Recorded data >>
******************************

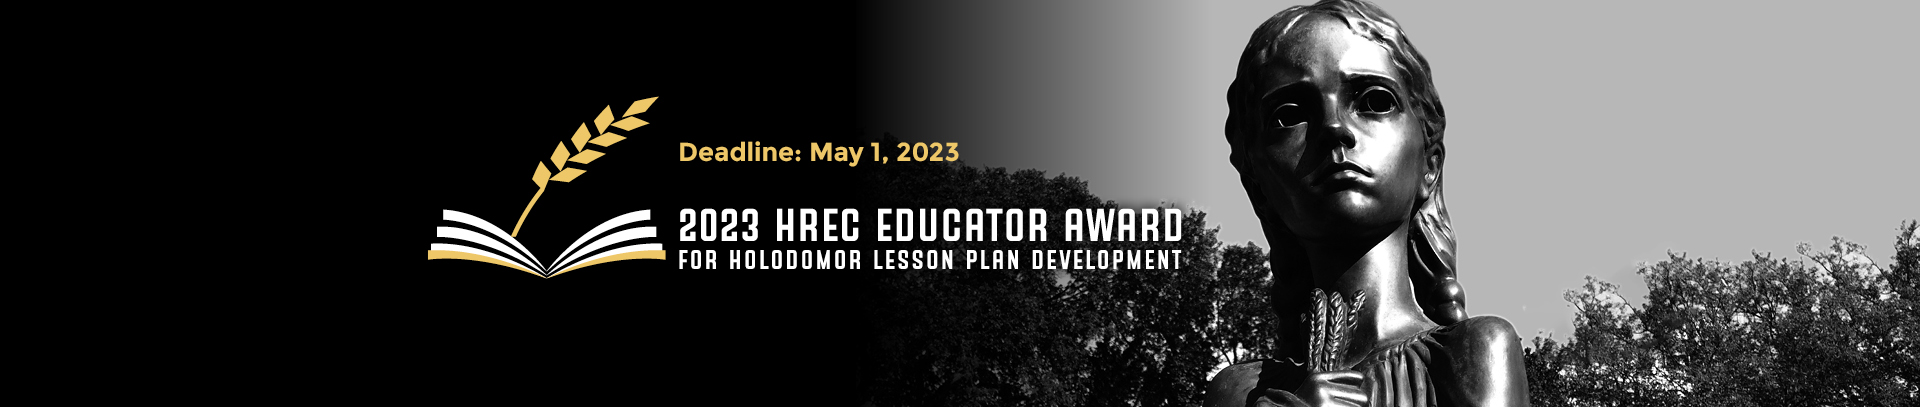 2023 HREC Educator Award for Holodomor Lesson Plan Development
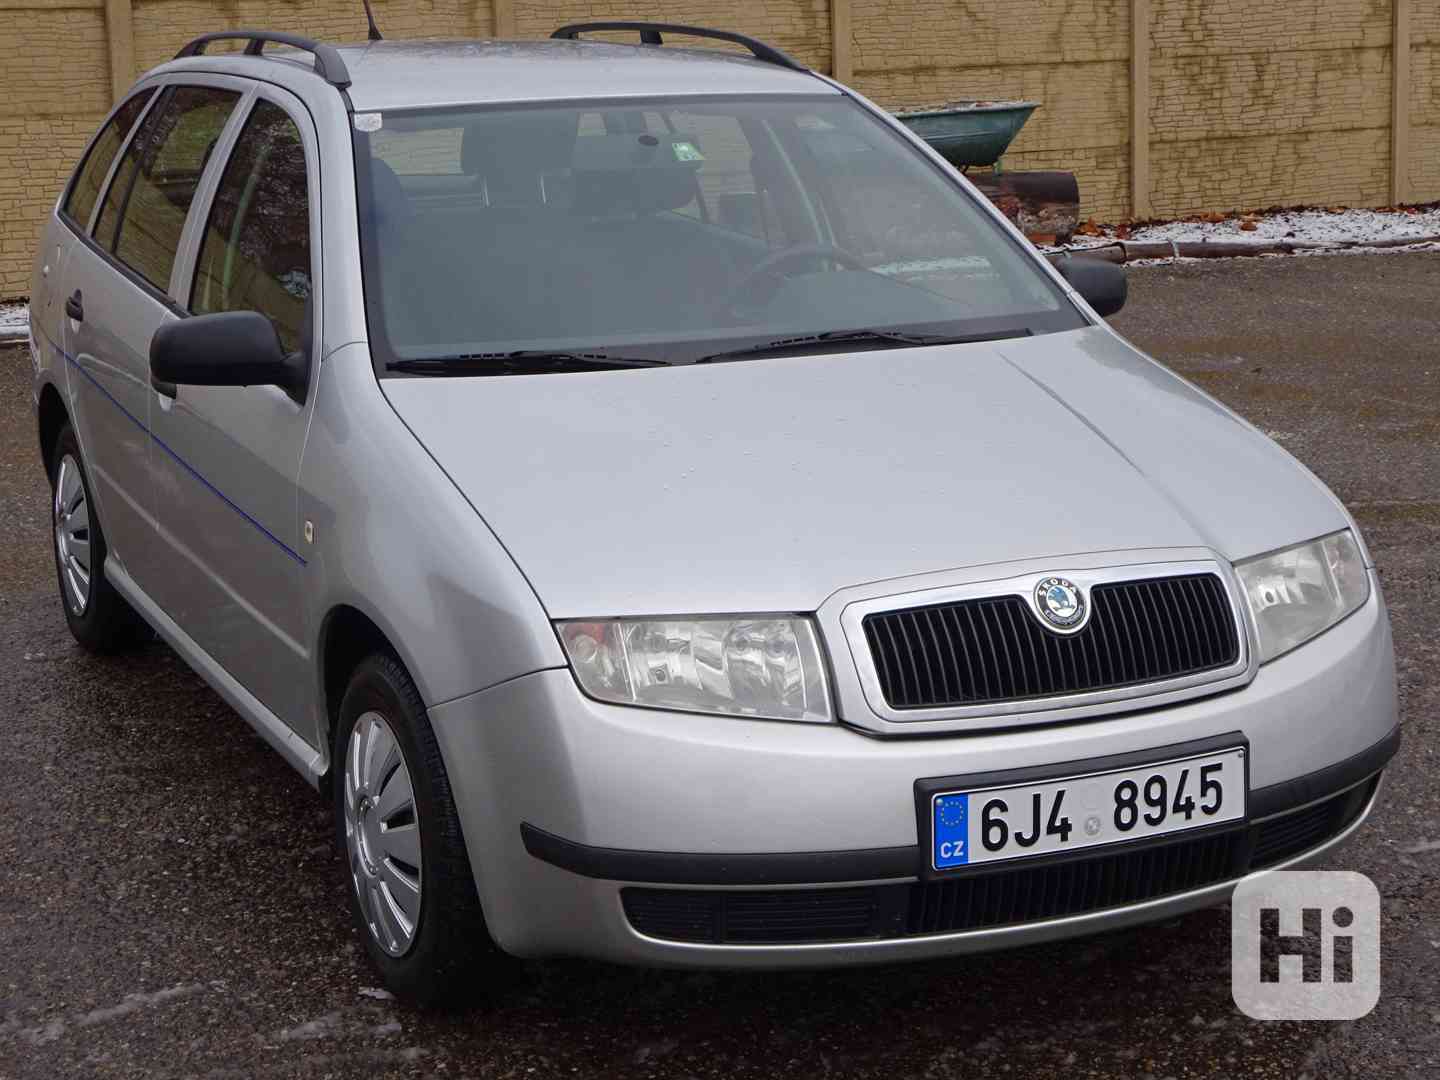 Škoda Fabia 1.9 SDI Combi r.v.2002 KLIMA (STK:1/2024) - foto 1
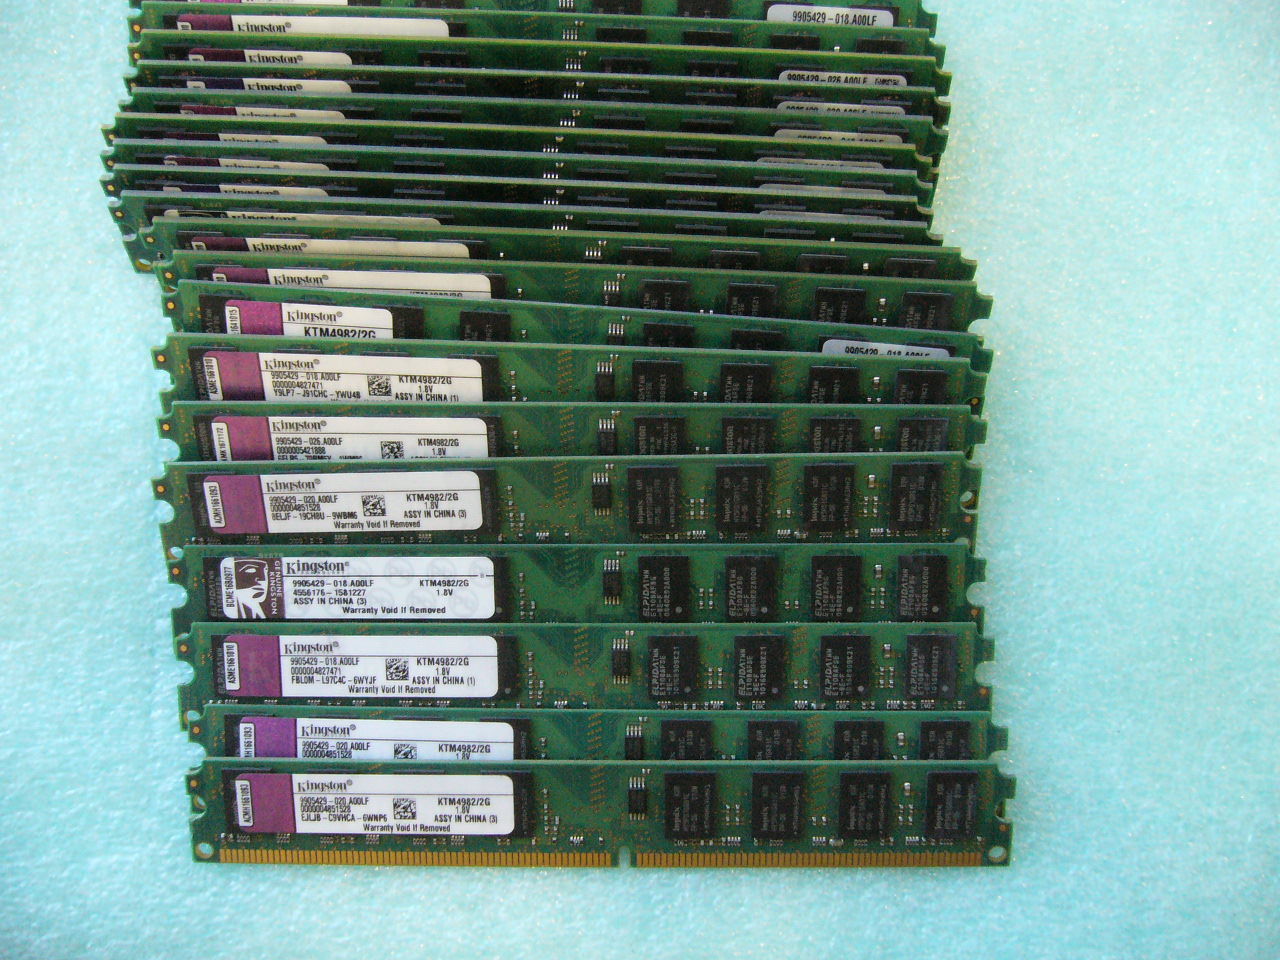 QTY 1x 2GB DDR2 667Mhz non-ECC desktop memory Kingston KTM4982/2G

******************************

Required work >> Please, leaving out all pictures, transcribe exactly the lines above from the one containing "Škoda Fabia 1.9" through the final line, both included.

Response for this exercise >>
 Škoda Fabia 1.9 SDI Combi r.v.2002 KLIMA (STK:1/2024) - foto 1
 QTY 1x 2GB DDR2 667Mhz non-ECC desktop memory Kingston KTM4982/2G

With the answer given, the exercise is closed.